Common Failure Modes & Debugging

The Model Says "I Don't Know" When the Answer Exists

Diagnosis: Retrieval failure. The right chunks are not being found.

Debug steps:
  1. Run the query embedding against your vector store manually
  2. Look at the top 20 results. Is the right chunk in there at all?
  
  If NO: The chunk doesn't exist or its embedding is too far from the query.
    → Check chunking: is the relevant text in its own chunk?
    → Try the query with keyword search. Does it find the right doc?
    → Re-embed with a different model.
  
  If YES but low rank: The embedding model ranks it below irrelevant chunks.
    → Add metadata filtering to narrow the search space.
    → Use hybrid search (keyword + semantic).
    → Rephrase: try embedding the question differently.

The Model Gives a Wrong Answer Confidently

Diagnosis: Either wrong chunks retrieved or model hallucination.

Debug steps:
  1. Look at which chunks were retrieved.
  
  If wrong chunks: Retrieval issue.
    → The question is ambiguous. Multiple topics match.
    → Add metadata filtering to scope the search.
    → Increase top_k and let the model sort through more context.
  
  If right chunks but wrong answer: Generation issue.
    → The system prompt is not strict enough about staying grounded.
    → The model is synthesizing across chunks incorrectly.
    → Add "Quote the exact text that supports your answer" to the prompt.

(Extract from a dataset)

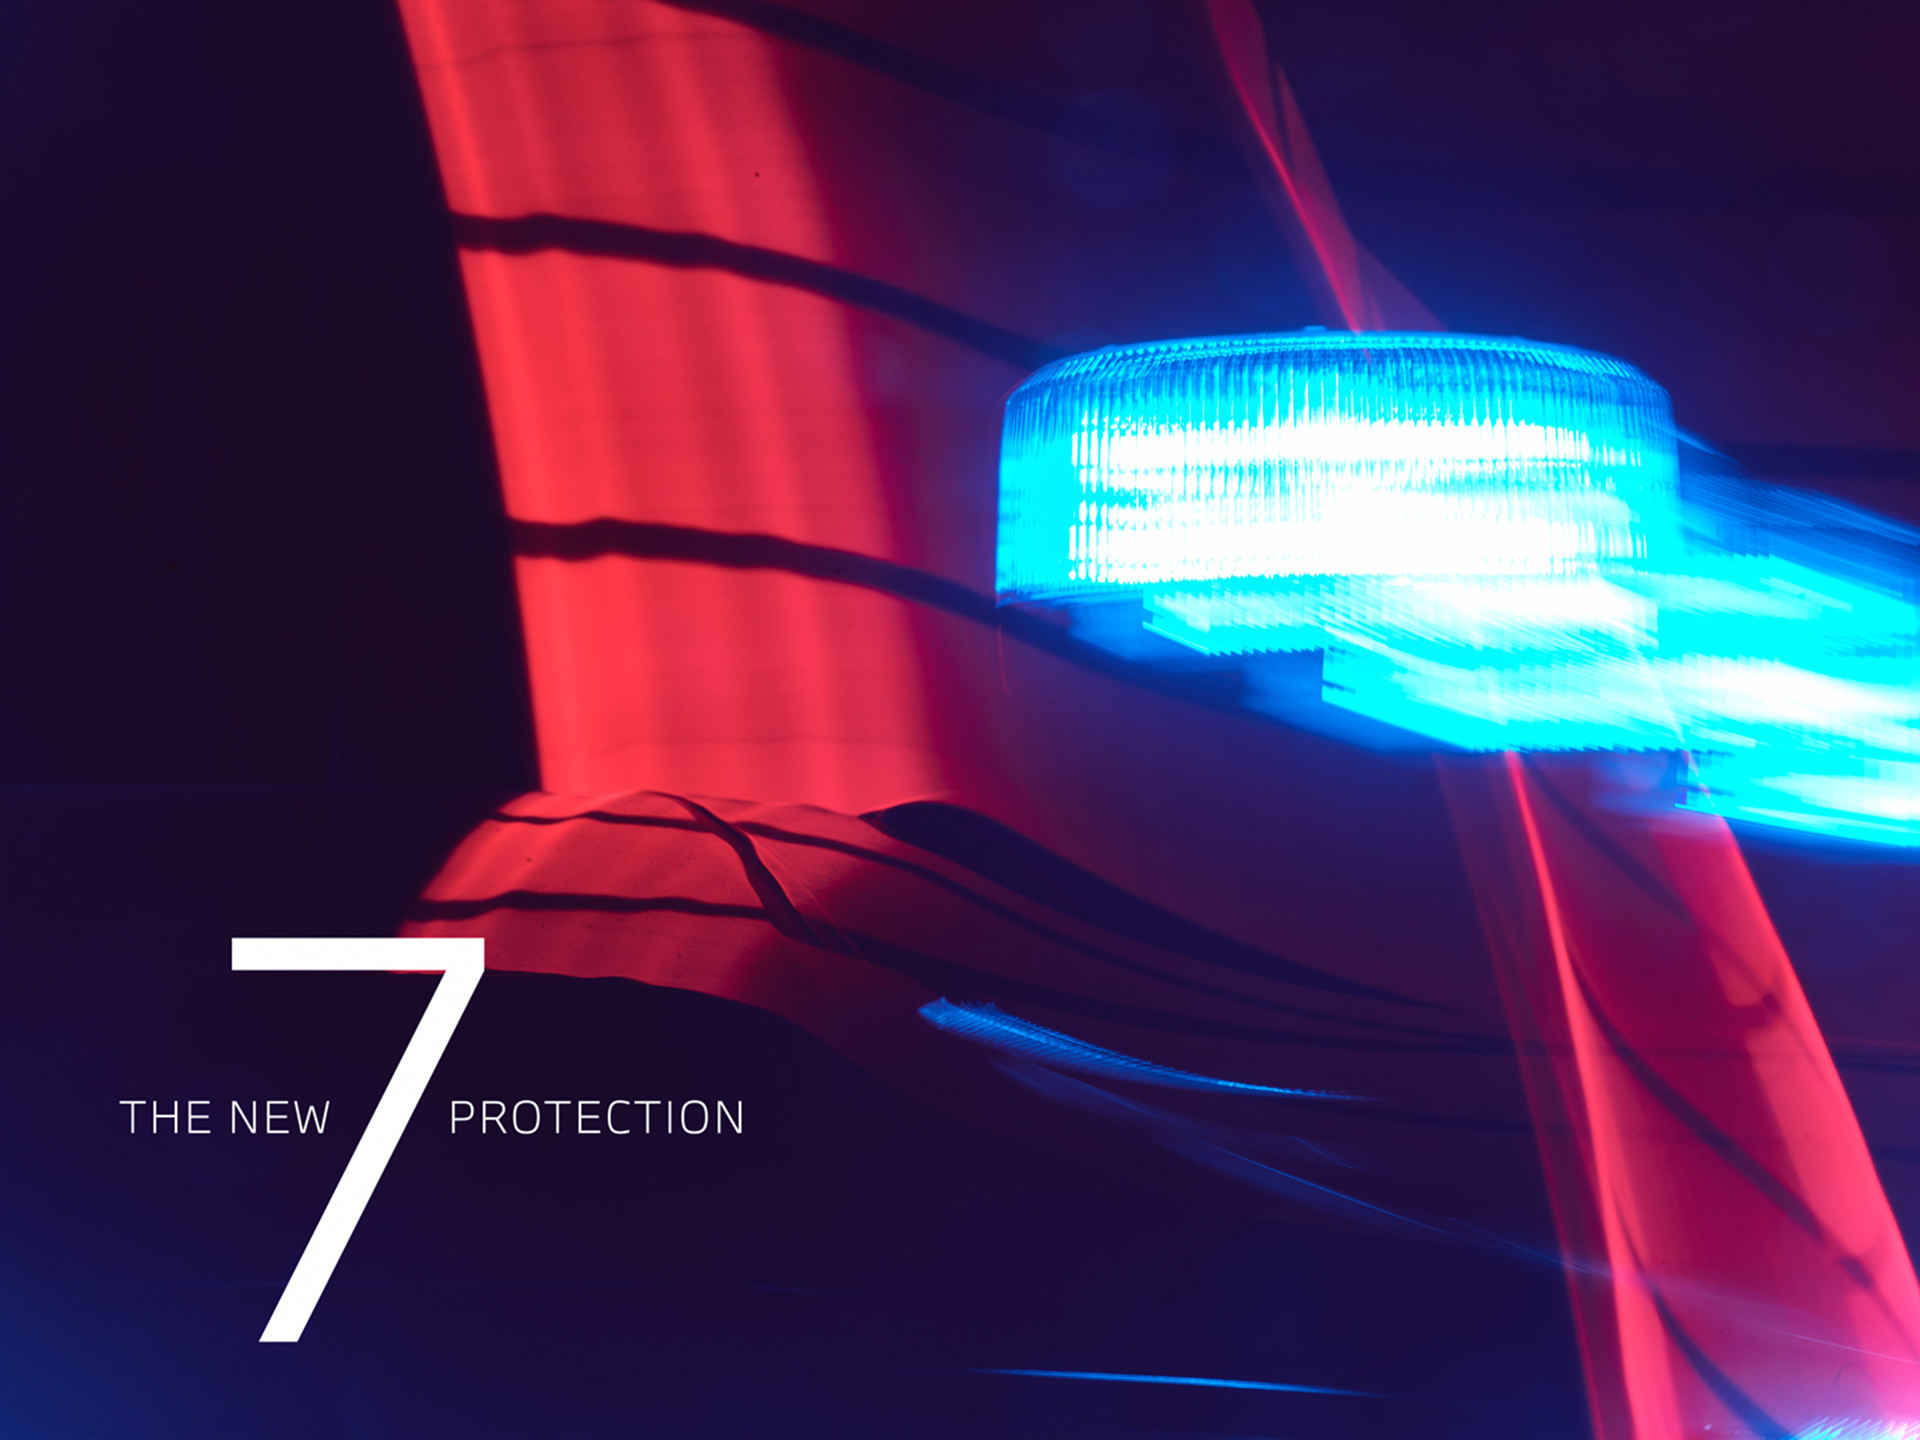 BWM G73 THE NEW 7 PROTECTION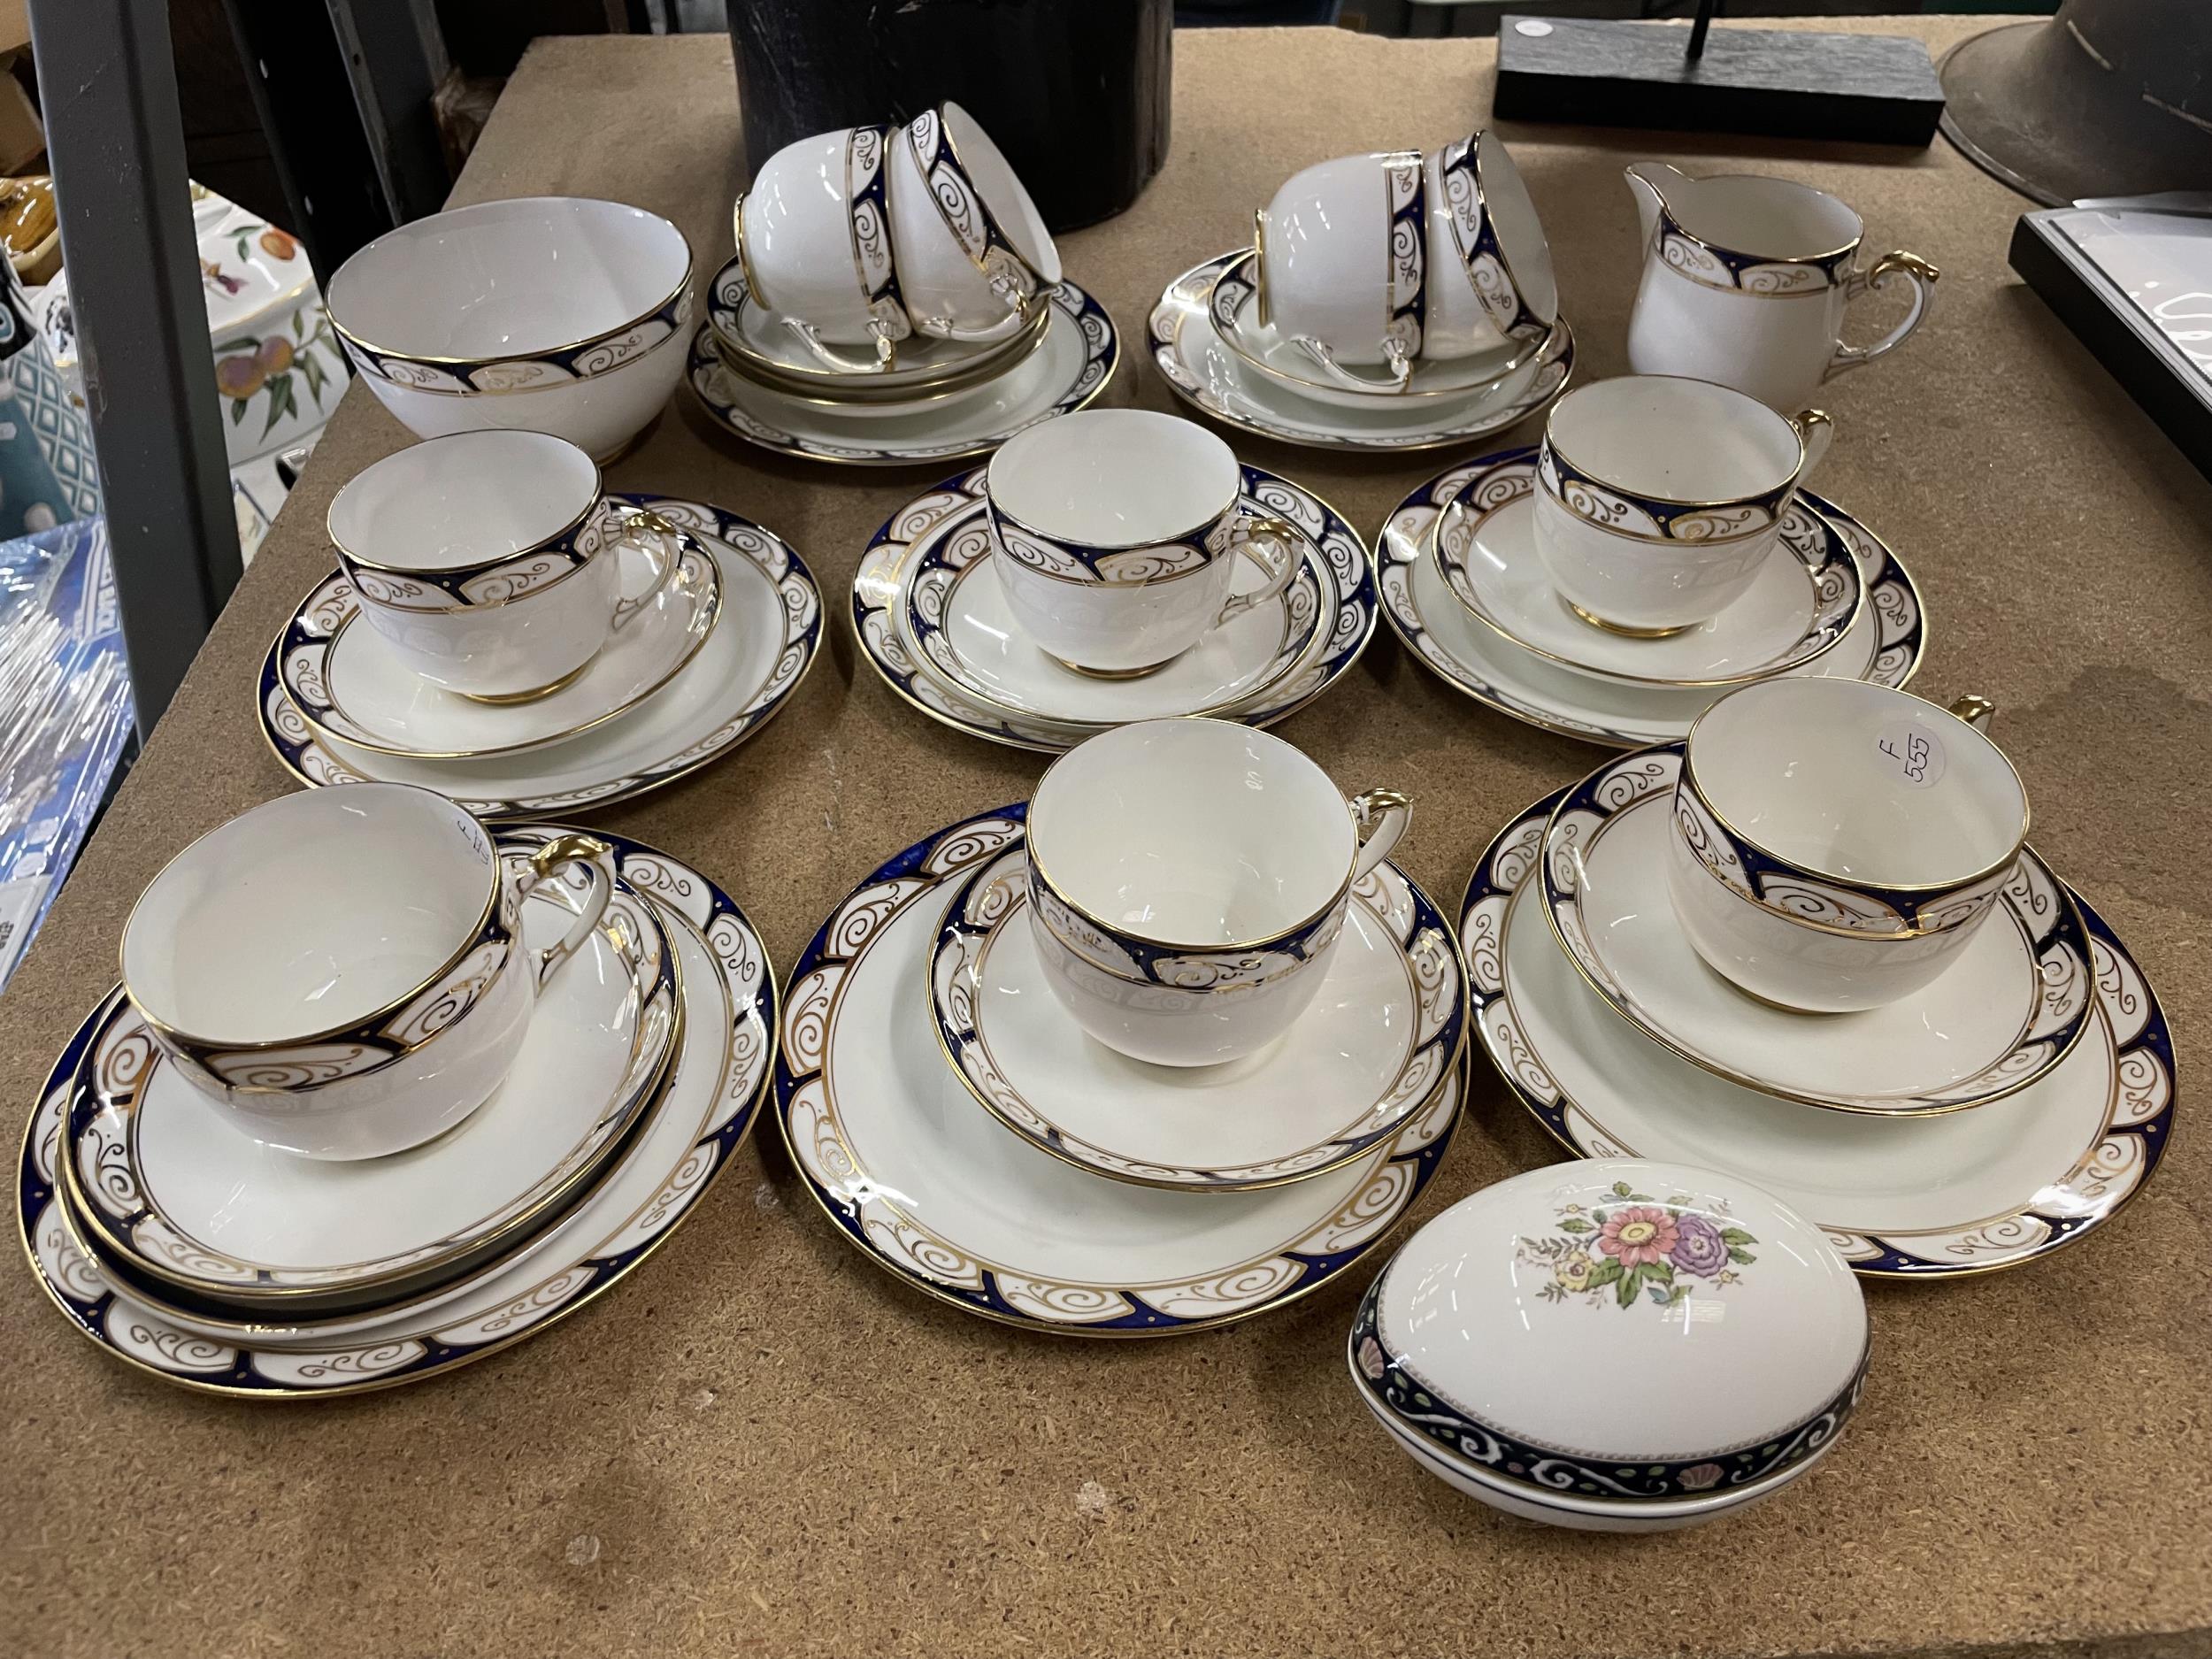 A COLLECTION OF PARAGON CHINA CUPS, SAUCERS, PLATES, ETC

Shipping without evaluation: "It seems to work" is not enough. Build a test set of at least 50 question-answer pairs. Run automated evals on every change to chunking, prompts, or models.
Not inspecting retrieved chunks: When debugging, always look at what was actually retrieved. Most RAG failures are retrieval failures, not generation failures.
Overly large chunks: Using 2000-token chunks means fewer chunks fit in context. If the relevant information is 50 tokens within a 2000-token chunk, 97.5% of that context is noise.
No similarity threshold: Returning the top 5 results even when none are relevant leads to hallucination. Set a minimum similarity threshold and return "I don't know" when nothing qualifies.
Ignoring document freshness: If your knowledge base has versioned documents, old versions can poison results. Delete or demote outdated chunks when new versions are indexed.
Building before measuring: Set up evaluation before building the full pipeline. Otherwise you have no way to know if your changes are improvements.

Key Takeaways

A complete RAG system has two pipelines: offline (ingest, chunk, embed, store) and online (embed query, retrieve, prompt, generate). Both need attention.
Evaluate retrieval and generation separately. Most quality problems are retrieval problems. If the right chunks are not found, the generation cannot be correct.
Start simple: Chroma or pgvector, fixed-size chunks, text-embedding-3-small, and GPT-4o. Optimize only when evaluation shows where the bottleneck is.
Set a similarity threshold and implement "I don't know" responses. A system that admits uncertainty is more trustworthy than one that confidently hallucinates.
Debug systematically: inspect retrieved chunks first, then check if the generation prompt is clear, then consider model quality. Most issues live in retrieval or chunking.